Monday, March 19, 2007 Rama: Of pride, pugs and pistols By Karlon N. Rama Stage Five
THE real boxing fan in the house is my mother. I don’t think she’s ever seen a match in person but, even this close to 70, she’s as rabid a boxing fan as last rounder Jingo Quijano.
If it’s about the sweet science and aired on television, she’ll watch it, minding not if it’s a live feed, a delayed telecast, or a rerun of those ‘60s and ‘70s-era bouts between the legends.
She has seen all of Manny Pacquiao’s bouts, at least all those aired on television. And she knew even before the pundits did that the PacMan was going to be the Next Big Thing, discerning from the few dozens of the Gen San pug’s matches since the mid ‘90s via Blow by Blow – a weekly boxing show that featured provincial fights.
I guess I don’t have to say that peeling her off the teevee monitor during a boxing match is about as easy as making this city politico admit to amassing a huge stash of dirty cash by engineering the purchase of scandalously overpriced decorative lampposts and streetlamps for his city prior to the Asean Summit.
Thus it was a foregone conclusion that she watched Gerry Peñalosa tangle with Daniel Ponce de Leon over ABS-CBN yesterday morning.
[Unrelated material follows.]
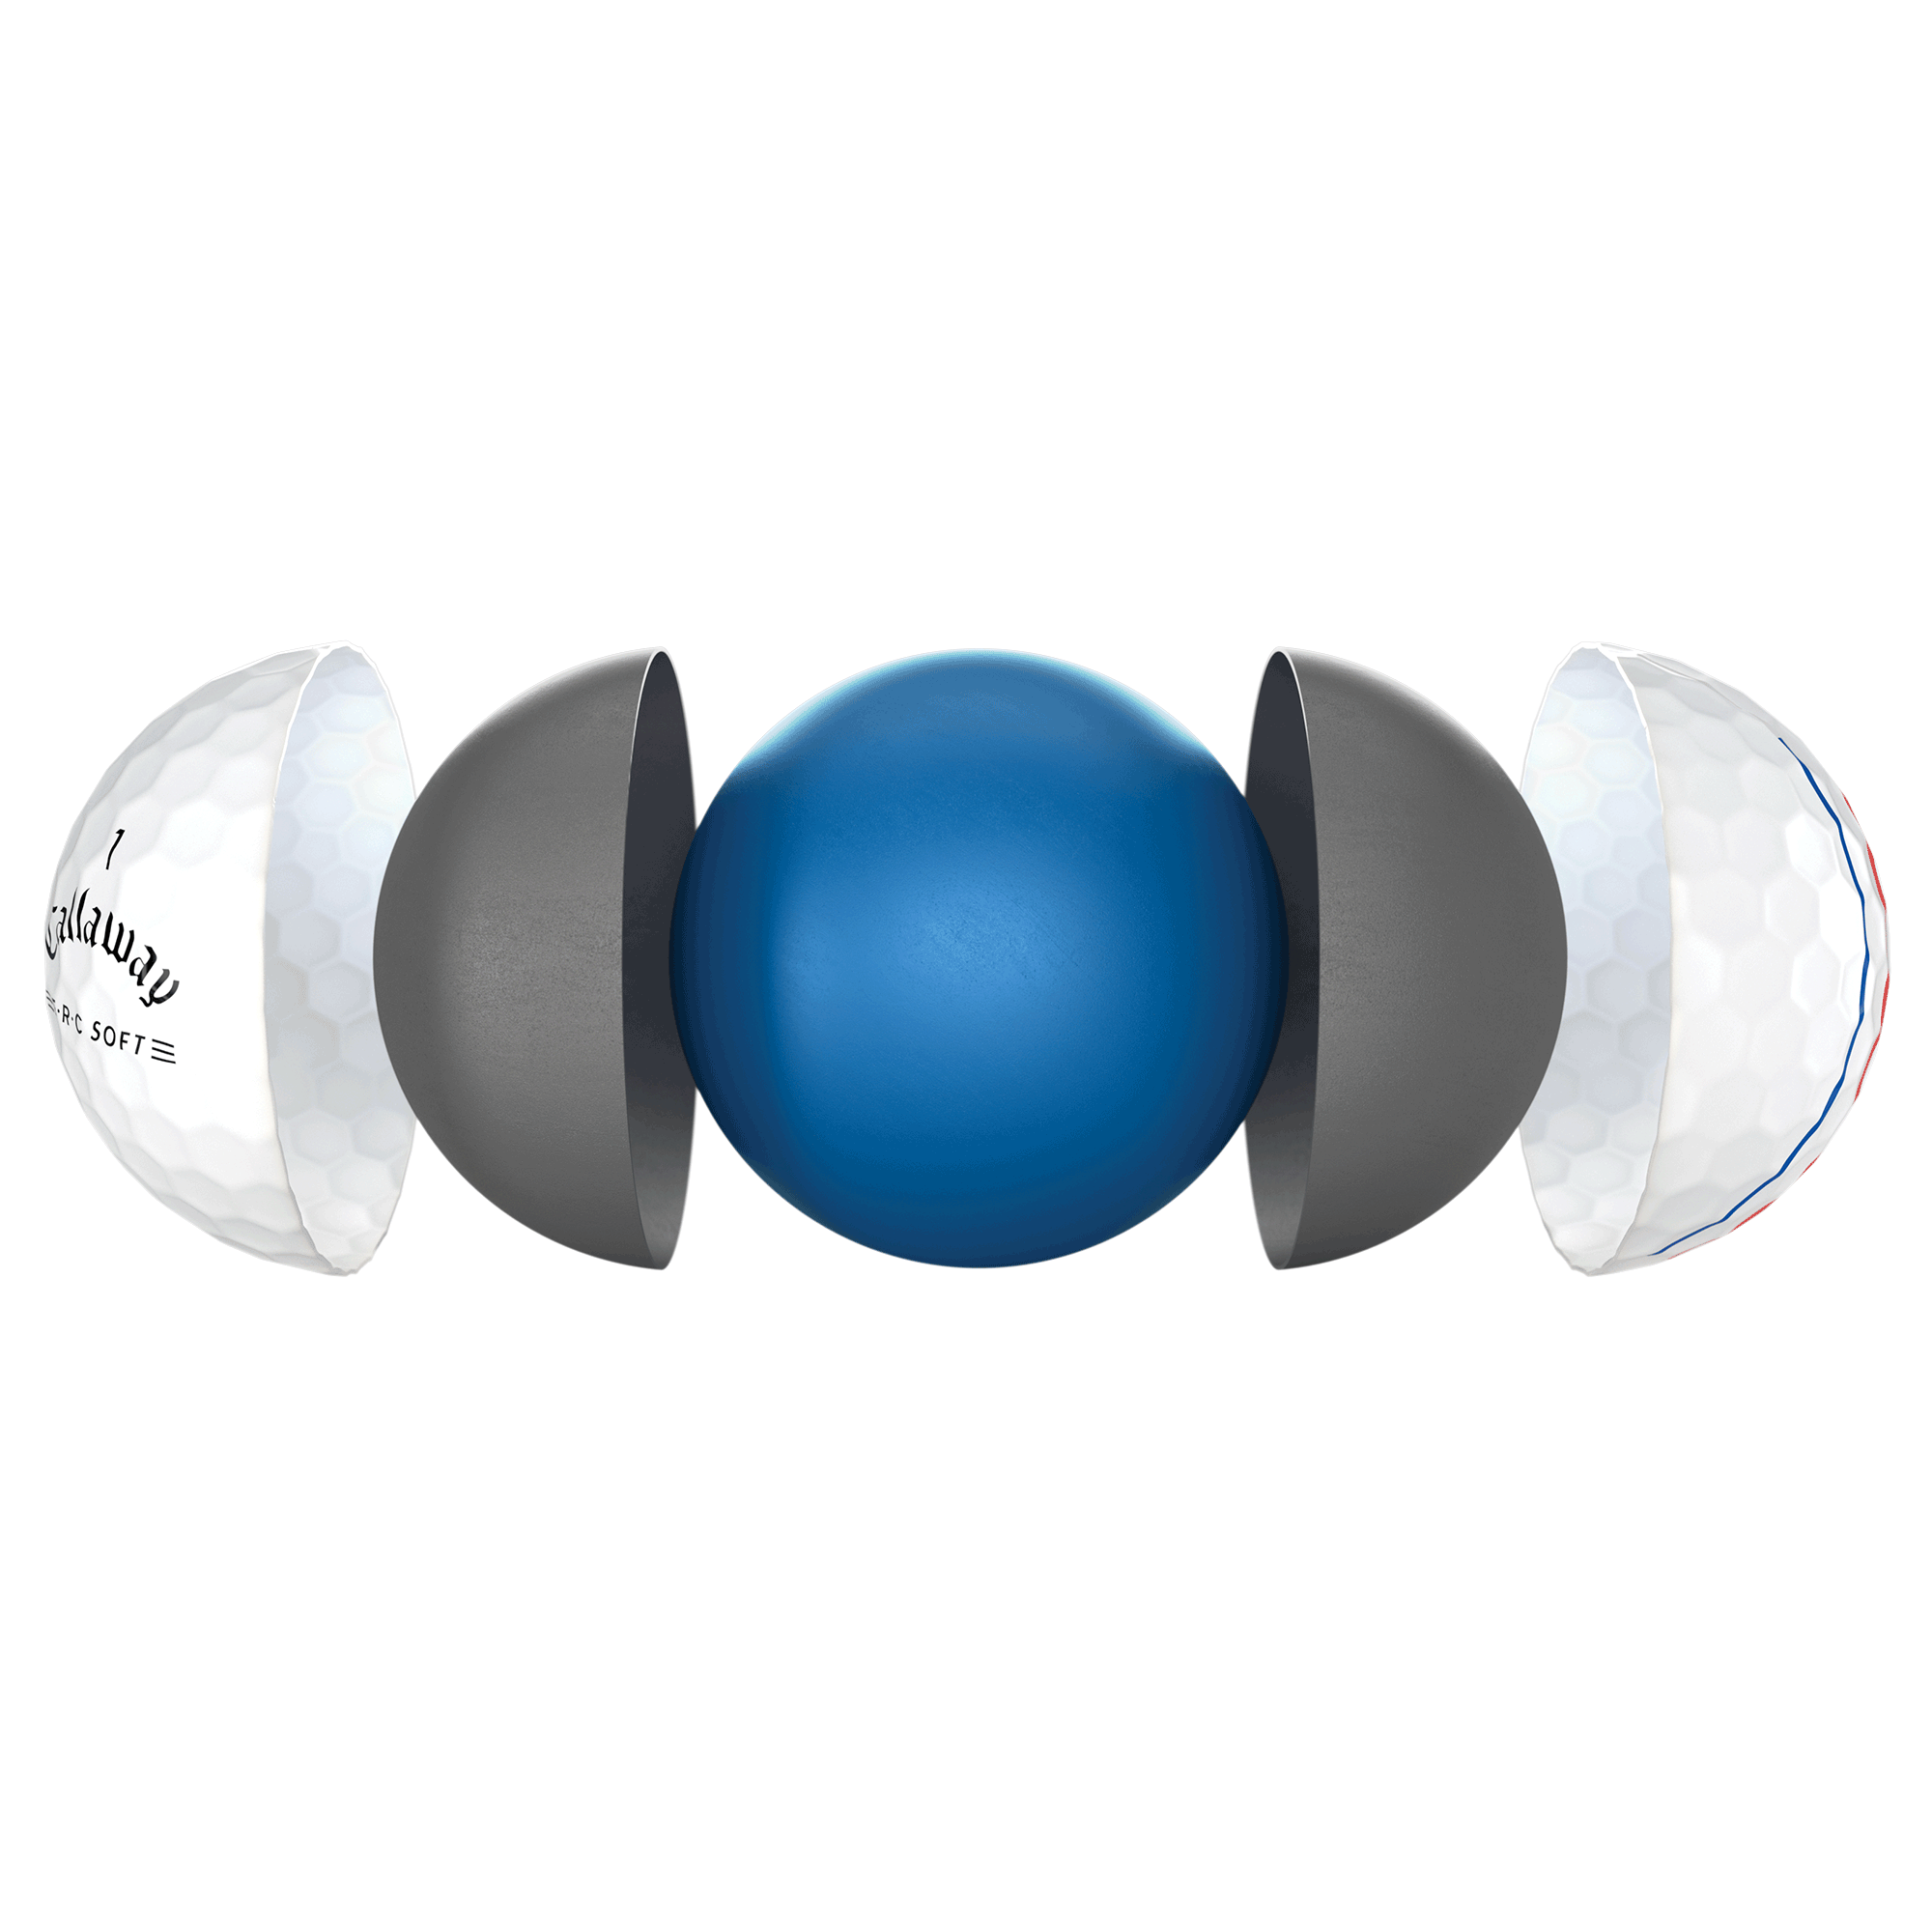 E•R•C Soft golf ball technology breakout image

Hell, she was up with anxious anticipation since dawn. And as cameras, in sync with production’s music bed, rolled to catch Peñalosa walking to the ring, I asked why she was so hot about an undercard. Because it was a Filipino in the ring, was all she said.
It’s about pride.
The scorecards say we didn’t win that fight and I don’t wish to bore you with a cold autopsy. All I’ll say is that, for what it’s worth, my wise yet aging mother found it a fight that Peñalosa, and therefore the entire Filipino nation, can be truly proud of.
It’s all about pride, indeed.
Hands of steel. Leaving off from fists of stone, Sean Ragay, the teenage son of Cebuano lawyer Efren Ragay, captured top honors in the on-going 2007 USA Shooting Junior Olympic National Championships, held in Colorado this year, bagging the grand prize in the Free Pistol event.
A dispatch from Najasila Campbell at the USA Shooting pressroom had Sean entering the finals, held last March 13, with 522 points a full six points ahead of his closest contender, Cody Owsley of Kansas. He ultimately finished with 607.9 for the gold. As soon as the games close on the 24th, Sean will begin training for the Rapid Fire championships in Plzen, the Czech Republic this June.
‘Torney Efren, per our last email, month, said Sean will also be competing next month to qualify for the Pan American Games and hopefully win a quota and sport for the Summer Olympics in Beijing.
Sean is in the US National Development Team, the government funded training pool for athletes eyed for entry to the US team for the Olympics. Free Pistol is one of the hardest Olympic shooting events.
In this event, a competitor has an hour and forty-five minutes to fire 60 shots at a 10.5x12-inch target paper with a four-inch nine-ring set 50 meters away. At that distance, the scoring ring will look no bigger than a thumbtack.
There are few restrictions on the pistol used. It has to be a .22 rimfire pistol with open sights. The trip may not make contact with the hand beyond the wrist. There aren’t any restrictions as to the barrel length, sight radius, or trigger weight.
With fewer restrictions, winning or losing comes only by way of skill and concentration.
Annual awards. The Sportswriters Association of Cebu (SAC) will hold their yearly awards night on the 13th of next month, if all goes well. It’s a very noble cause – recognizing, beyond the published story, Cebuano athletes who, by their labors and sacrifice, have helped made us prouder of our selves through their achievements.
The SAC had previously given recognition to two athletes from the shooting sport – Dino Cinco and Lito Ladroma.
Dino was given his in 2004, for winning a string of matches organized by the Philippine Practical shooting Association that year. Lito got given his in 2005, for his entry into the National Team that competed in the World Shoot XIV in Guayaquil, Ecuador.
The organization didn’t have an honoree for shooting in 2006 but, this year, I’ve recommended via board member Mike Limpag an athlete I believe firmly deserves recognition for, against tough odds and naysayers, winning in an international shooting competition held in Singapore last year.
I will not reveal his name as of yet, pending word from the SAC. I am not a member of the organization so my endorsement is only as good as 'Bai Mike's lobbying skills.